Sabah Sabet avec agences, Mardi, 06 décembre 2016

Après 22 ans de pouvoir sans partage, le président de la Gambie, Yahya Jammeh, a reconnu sa défaite à la présidentielle.

Une fois n’est pas coutume en Afrique, et à la surprise générale, le président de la Gambie, Yahya Jammeh, a reconnu, samedi dernier, sa défaite face à son rival, l’homme d’affaires Adama Barrow. Selon les résultats du scrutin publiés vendredi, Jammeh s’est classé deuxième avec 36,6 % des voix derrière Adama Barrow, crédité de 45,5 % des suf­frages. Mama Kandeh a eu 17,8 % des voix. La participation avoisinait les 65 %. « Vous, Gambiens, avez décidé que je devais être en retraite » à l’issue de la présidentielle de jeudi, « vous avez parlé sans ambiguïté », a affirmé le militaire retraité dans une déclaration télévi­sée vendredi soir, avant de féliciter Barrow pour sa victoire. « Je vous souhaite bonne chance, le pays sera entre vos mains en janvier et vous pouvez compter sur mon aide durant votre transition », s’est-il adressé à Barrow. Cette élection a été saluée tant en Gambie qu’à l’étranger. Depuis vendredi, plusieurs pays, ONG et institutions ont rendu hommage au peuple gambien, à Barrow, pour sa victoire, et à Jammeh pour sa décision.

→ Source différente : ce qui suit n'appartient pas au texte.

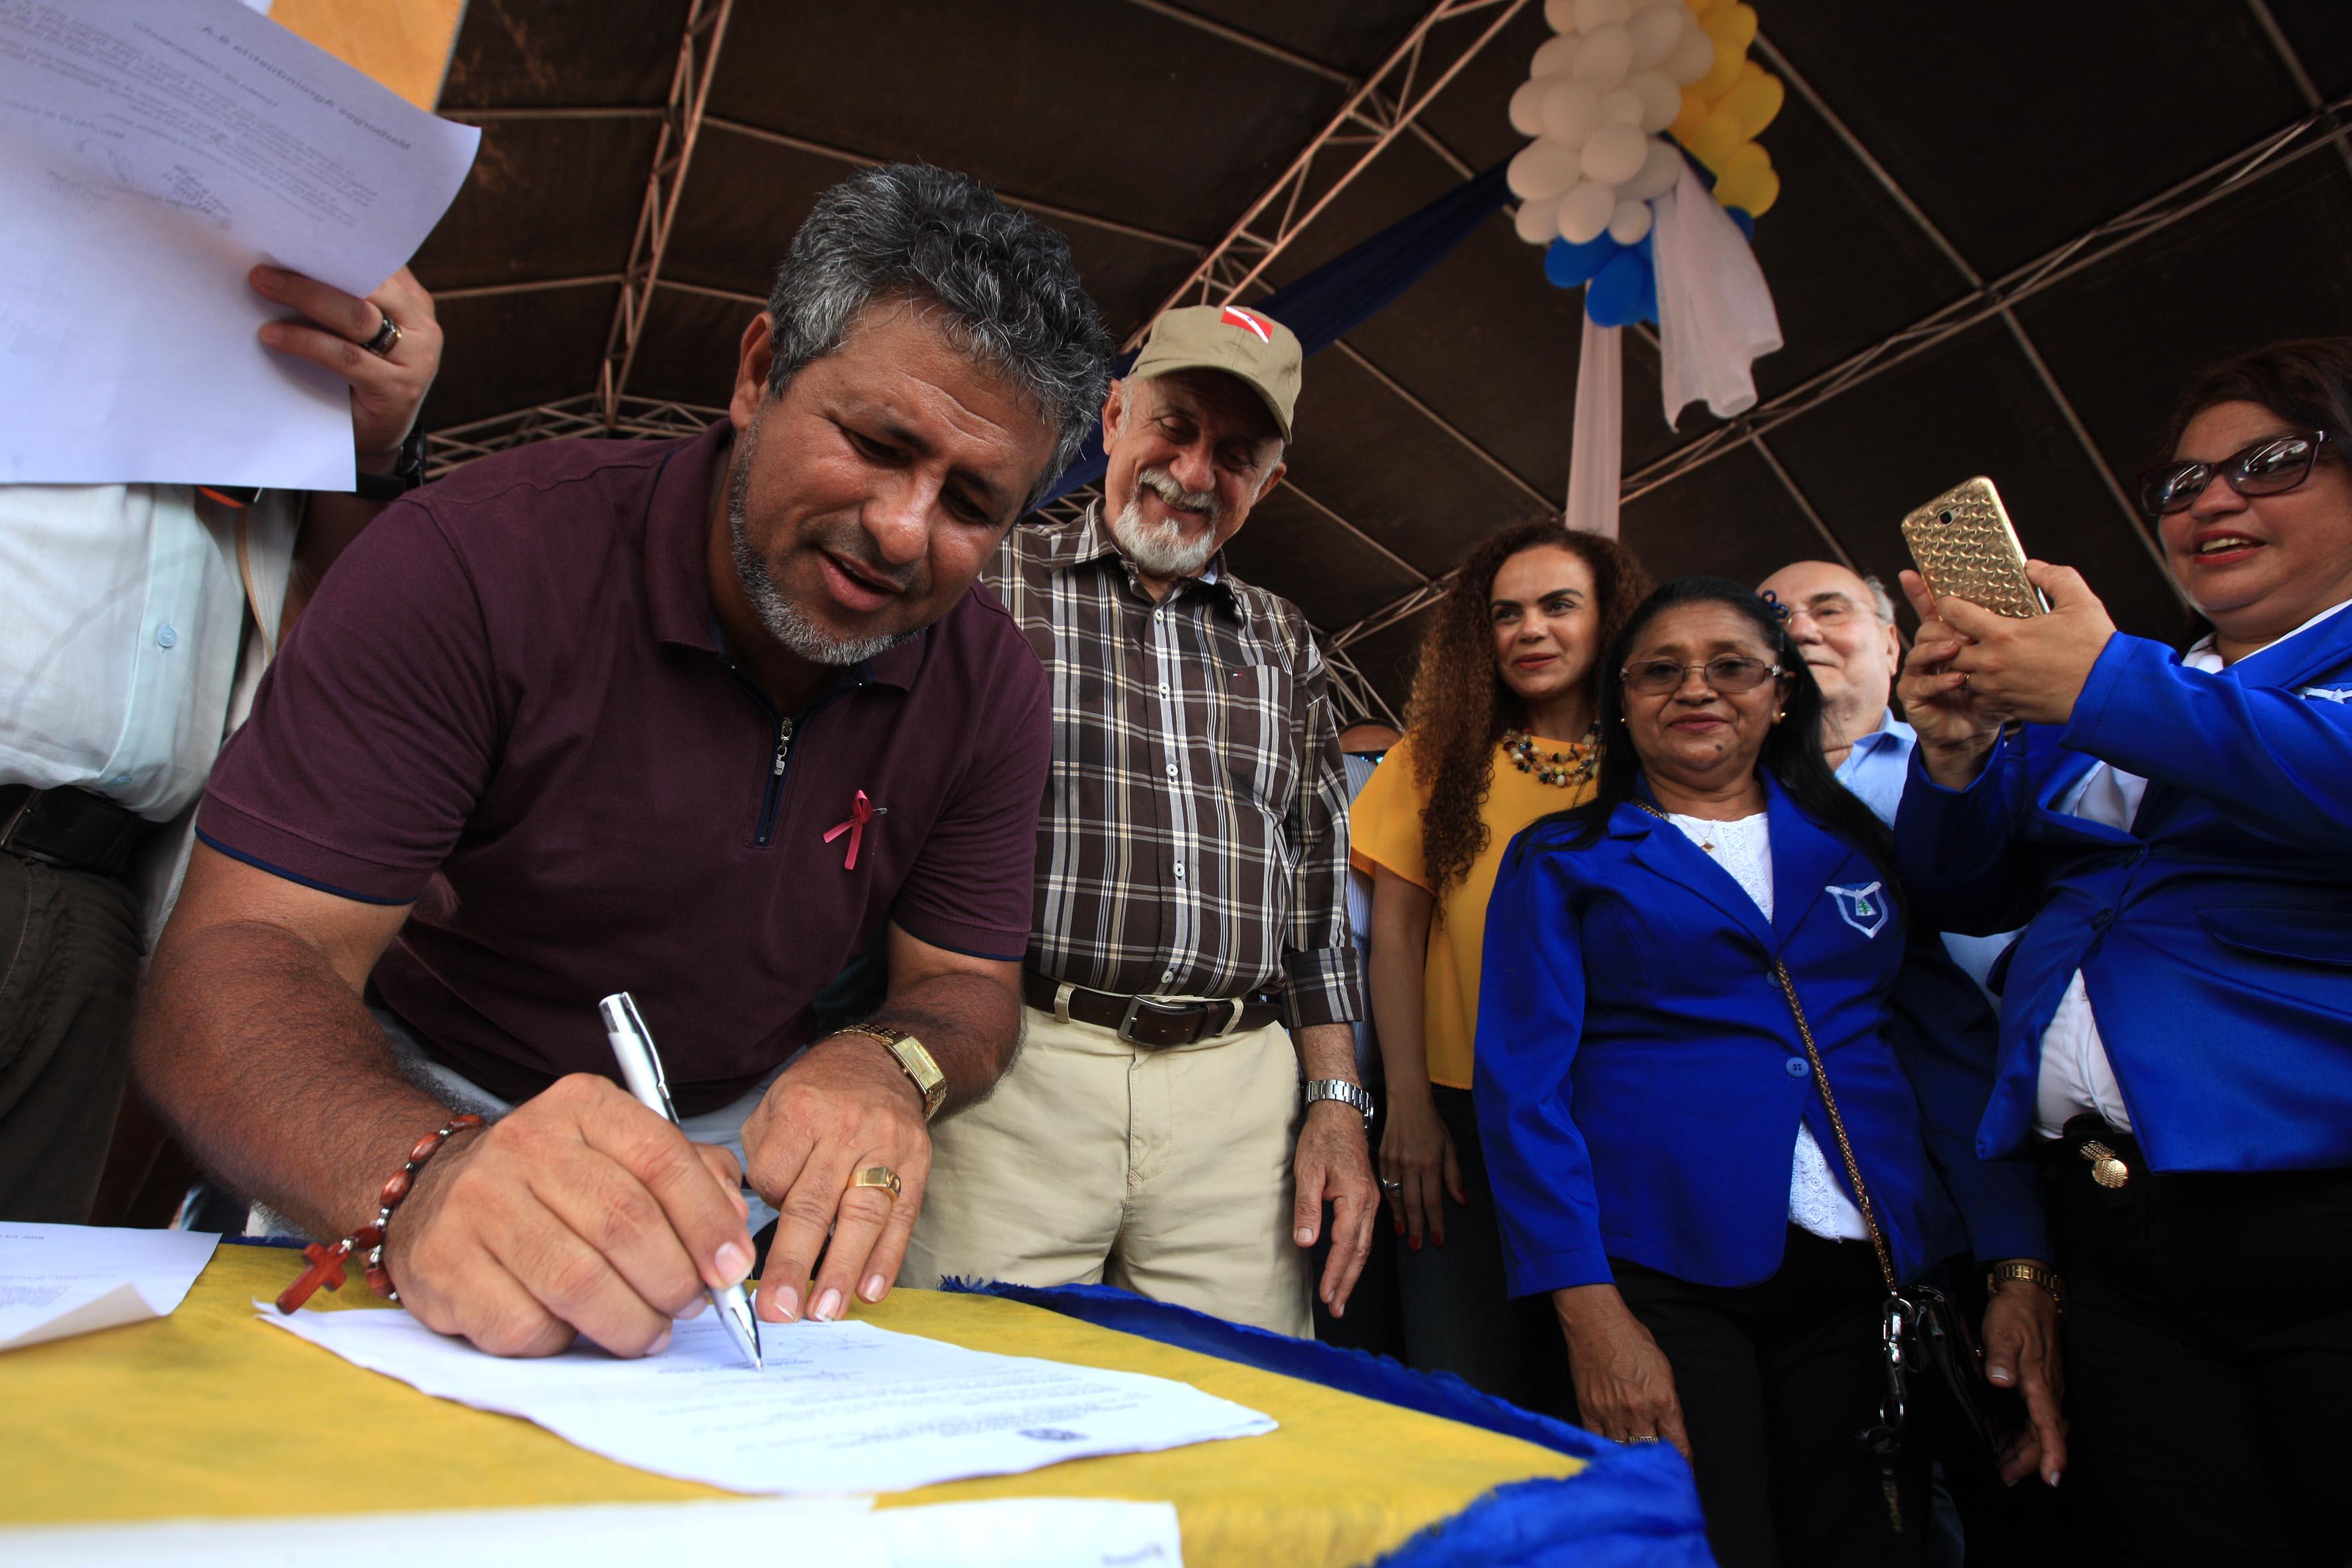 O prefeito do Moju, Deodoro Pantoja da Rocha (Ieié Pantoja), também assinou documentos que vão garantir mais obras importantes no município

La Gambie a ainsi entamé une nouvelle page de son histoire après 22 ans de pouvoir aux mains de Jammeh. Ce dernier est arrivé au pouvoir par un coup d’Etat en 1994, il avait été élu une première fois en 1996 pour cinq ans, puis réélu trois fois. Il s’était déclaré sûr d’obtenir un cinquième mandat jeudi der­nier, et ses détracteurs lui prêtaient l’intention de n’accepter aucune autre issue, d’autant que Jammeh a gouverné sans partage tout au long de ces 22 ans.

Barrow, qui prendra ses fonctions en jan­vier, est le troisième président de l’histoire de la Gambie en 51 ans d’indépendance de cette ex-colonie britannique, après Dawda Jawara (1965-1994) et Yahya Jammeh (1994-2016). Barrow, 51 ans, était inconnu sur la scène politique 6 mois auparavant dans son pays de 2 millions d’habitants, enclavé dans le terri­toire sénégalais hormis sa façade atlantique. Par ailleurs, et pour ne pas perdre le temps, le président élu s’est mis au travail en menant des consultations avec des acteurs politiques et diplomates samedi. Il a rencontré, samedi, des responsables de sa coalition, et le repré­sentant spécial du secrétaire général de l’Onu en Afrique de l’Ouest et au Sahel, Mohamed Ibn Chambas, selon son entourage et l’Onu. Les discussions « se sont très bien passées, nous réfléchissons sur la voie à suivre », a déclaré à l’AFP Mme Isatou Touray, militante des droits des femmes, qui a retiré sa candi­dature en faveur de celle de Barrow. Selon elle, le problème « le plus urgent » évoqué a été celui des prisonniers politiques, dont l’op­position, des ONG et l’Onu réclament la libération. Parmi ces détenus figure le chef du principal parti d’opposition, Ousainou Darboe, incarcéré depuis avril pour avoir manifesté contre la mort d’un opposant arrê­té, Solo Sandeng. D’après Mme Touray, ils pourraient être relâchés bientôt.

Devant la presse, Mohamed Ibn Chambas a affirmé avoir eu des rencontres fructueuses avec le président élu et sa coalition. L’Onu est « disposée à travailler avec les Gambiens pour établir une Commission Vérité et Réconciliation », a affirmé Chambas, refu­sant cependant de se prononcer sur d’éven­tuelles futures poursuites contre Yahya Jammeh. « Je vous exhorte à avancer dans l’unité, l’entente, la paix », a-t-il ajouté, sou­lignant « le geste très louable du président Jammeh qui a gracieusement accepté sa défaite, ce qui n’est pas courant en Afrique ». Si certains s’interrogeaient sur son sort, Jammeh lui-même semblait serein quant à sa retraite politique. Il ne s’exilera pas et mènera une vie de paysan dans son village natal de Kanilai (ouest), a-t-il assuré dans son mes­sage télévisé. « S’il veut vivre en Gambie en tant que citoyen ordinaire, il en a le droit, je n’ai pas de problème avec ça », a dit Barrow dans son entretien à des médias français, samedi, en assurant qu’il ne mènerait de « chasse aux sorcières contre personne », a-t-il conclu.